PROBLEM REQUIREMENTS:
Without the pictures, can you quote each line below exactly?

─── GIVEN DATA

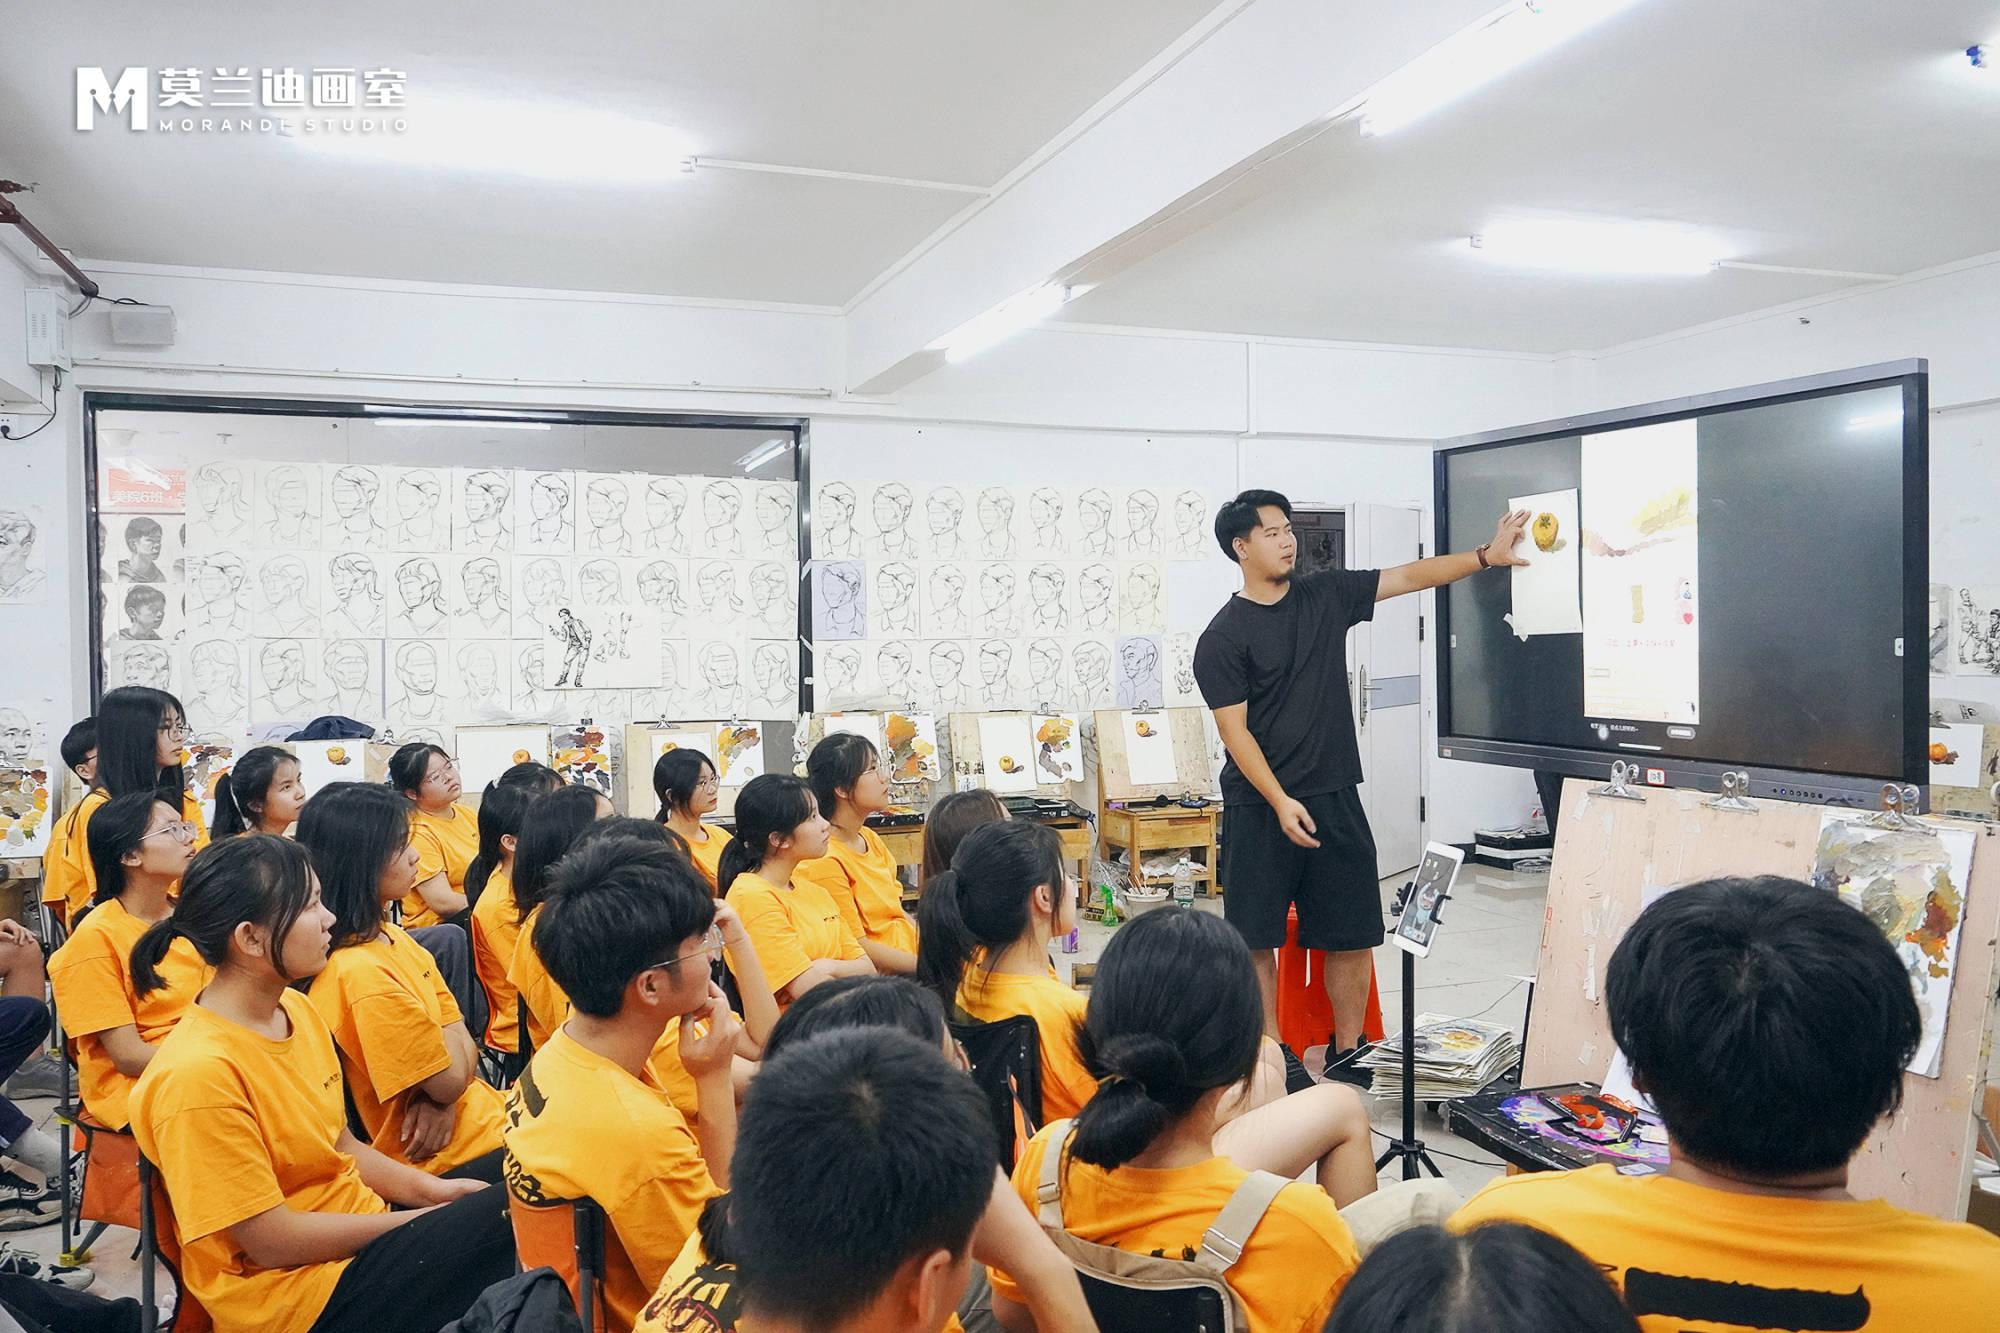 莫兰迪画室本期专题:2022届美术生文化课怎样才能逆袭?
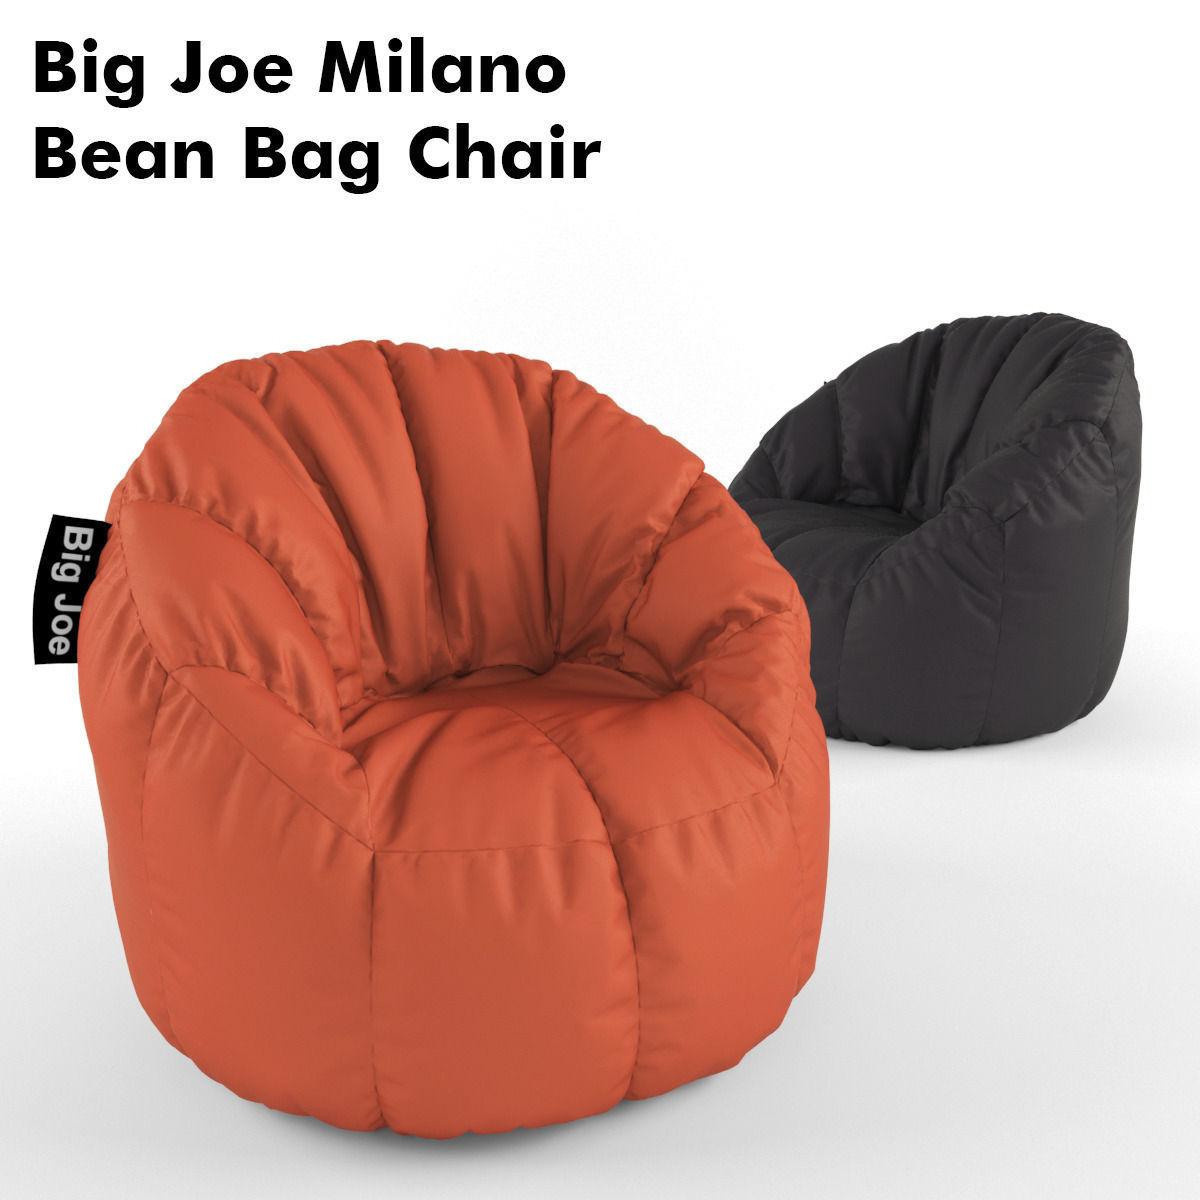 Big Joe Milano Bean Bag Chair 3d Model Max Fbx 1
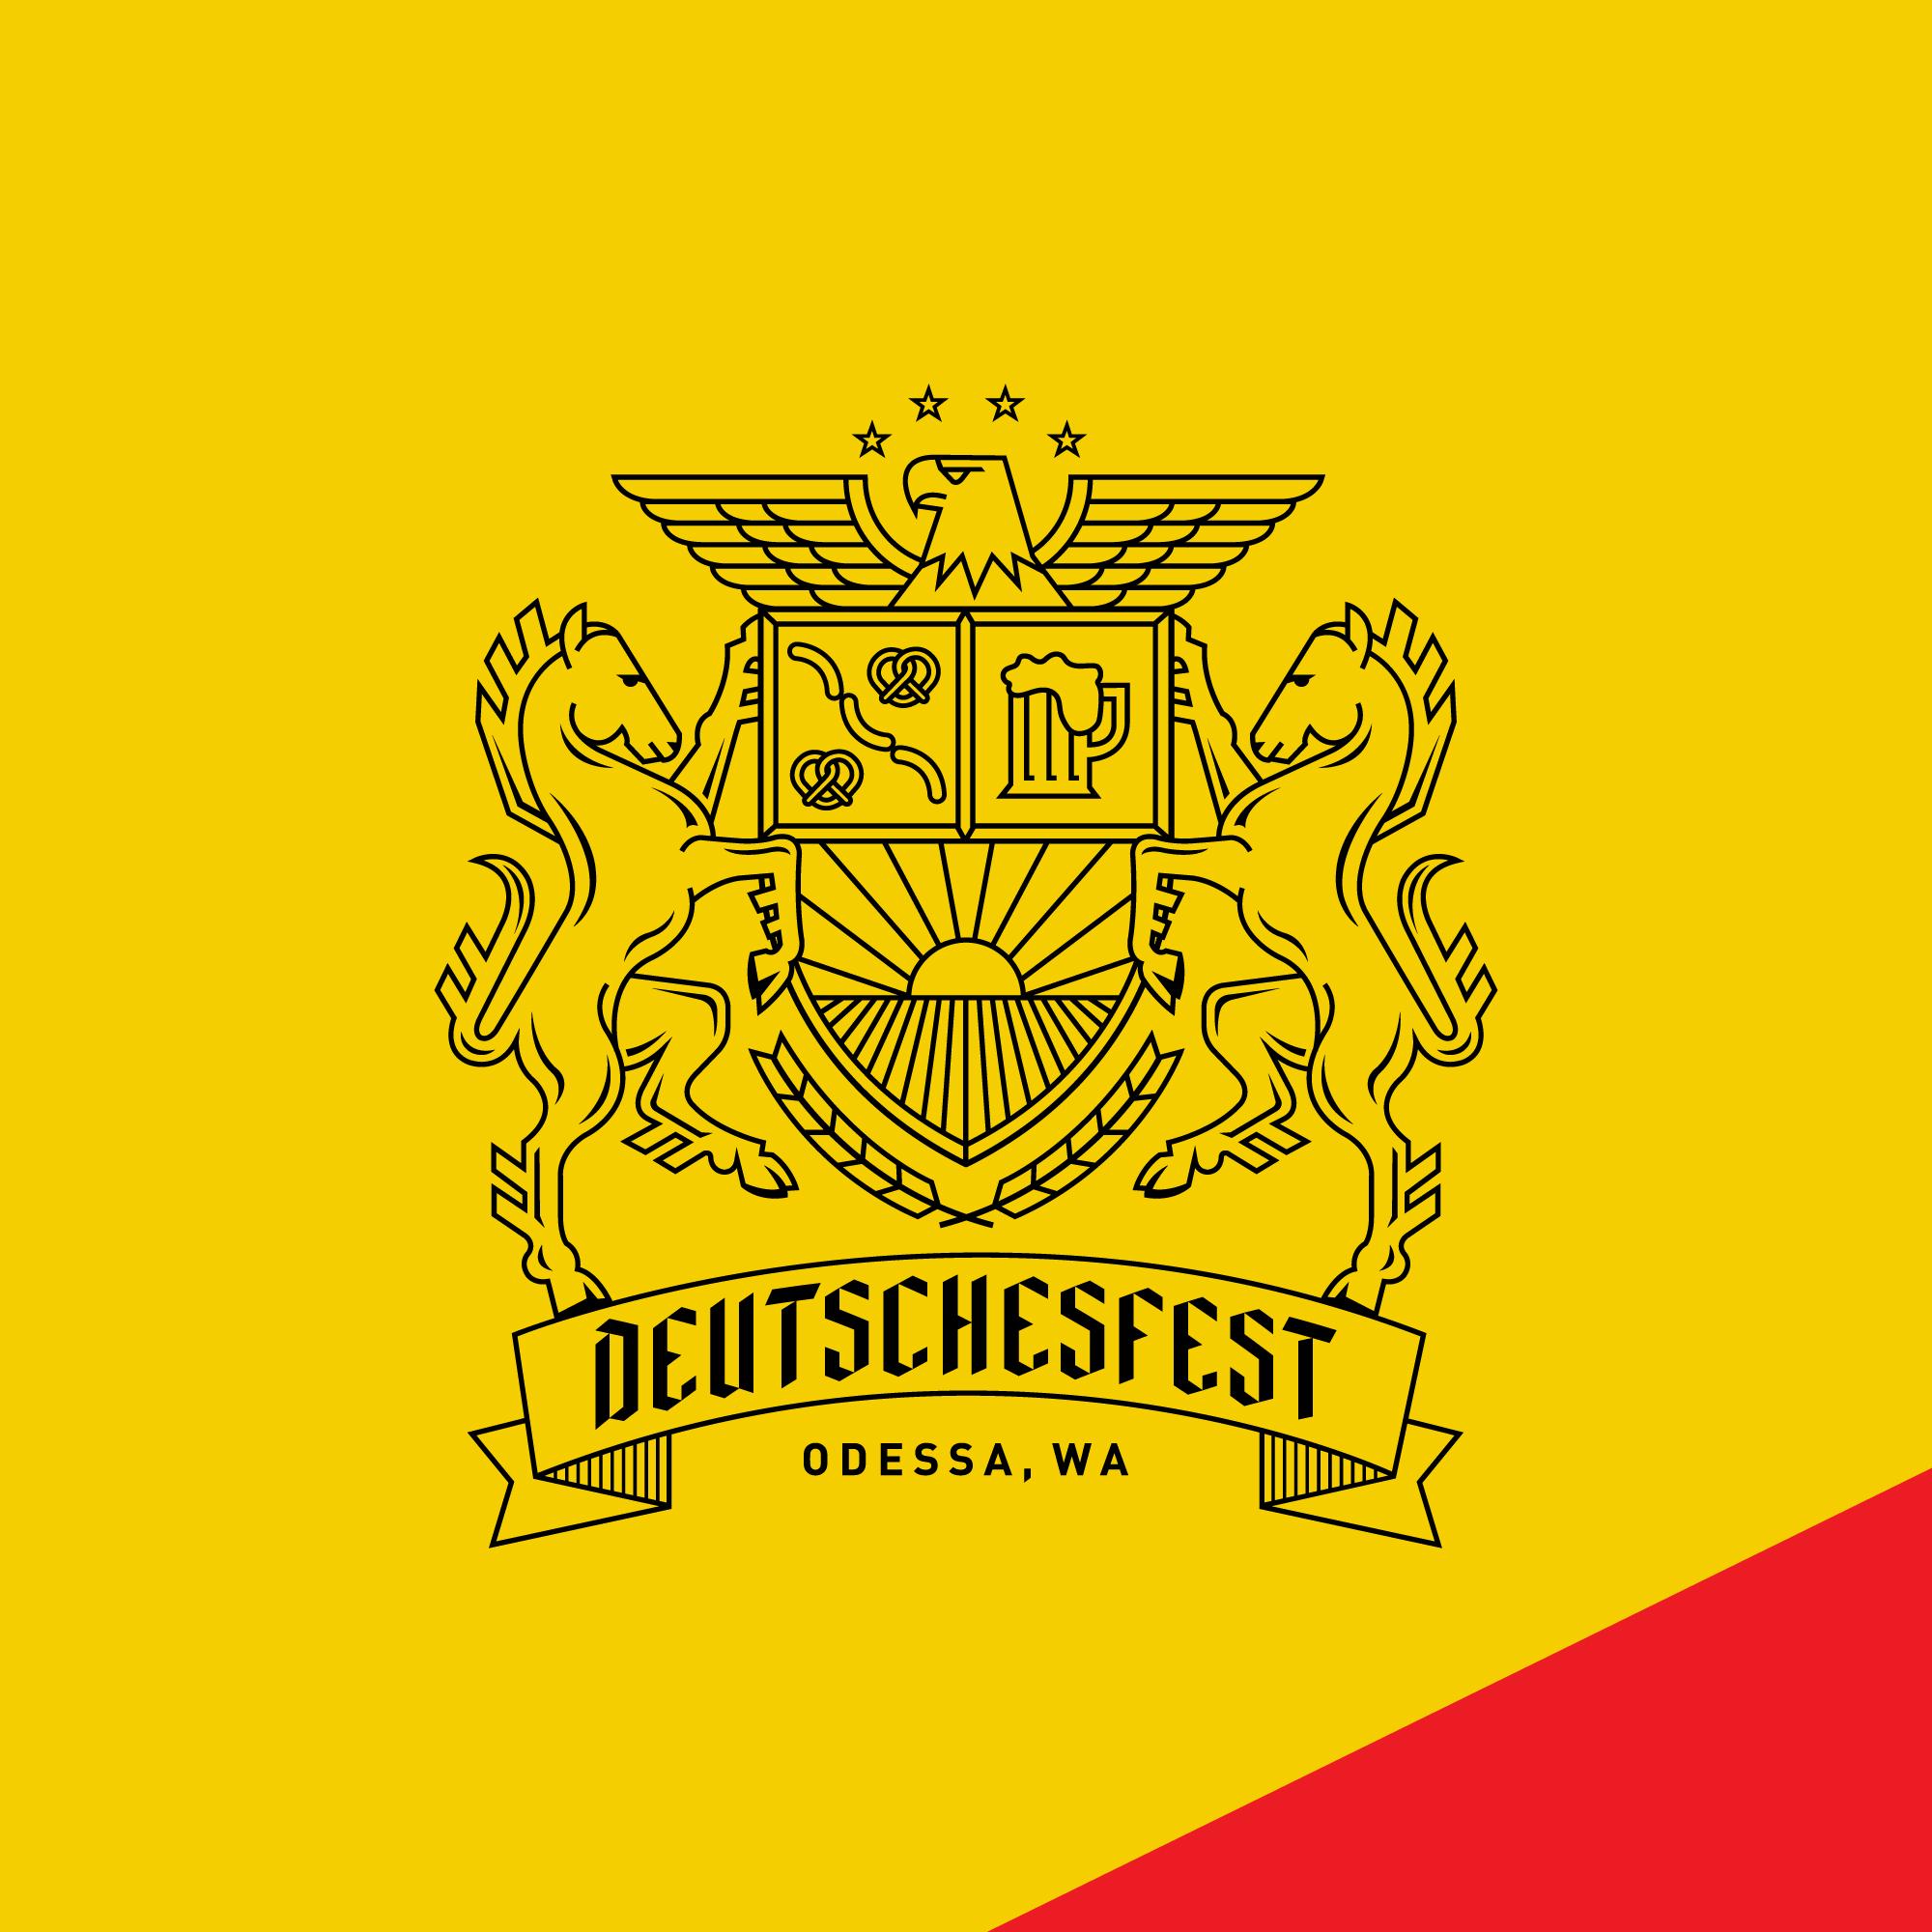 dfest-logo1.jpg

──────

TASK ANSWER:
 莫兰迪画室本期专题:2022届美术生文化课怎样才能逆袭?
 Big Joe Milano Bean Bag Chair 3d Model Max Fbx 1
 dfest-logo1.jpg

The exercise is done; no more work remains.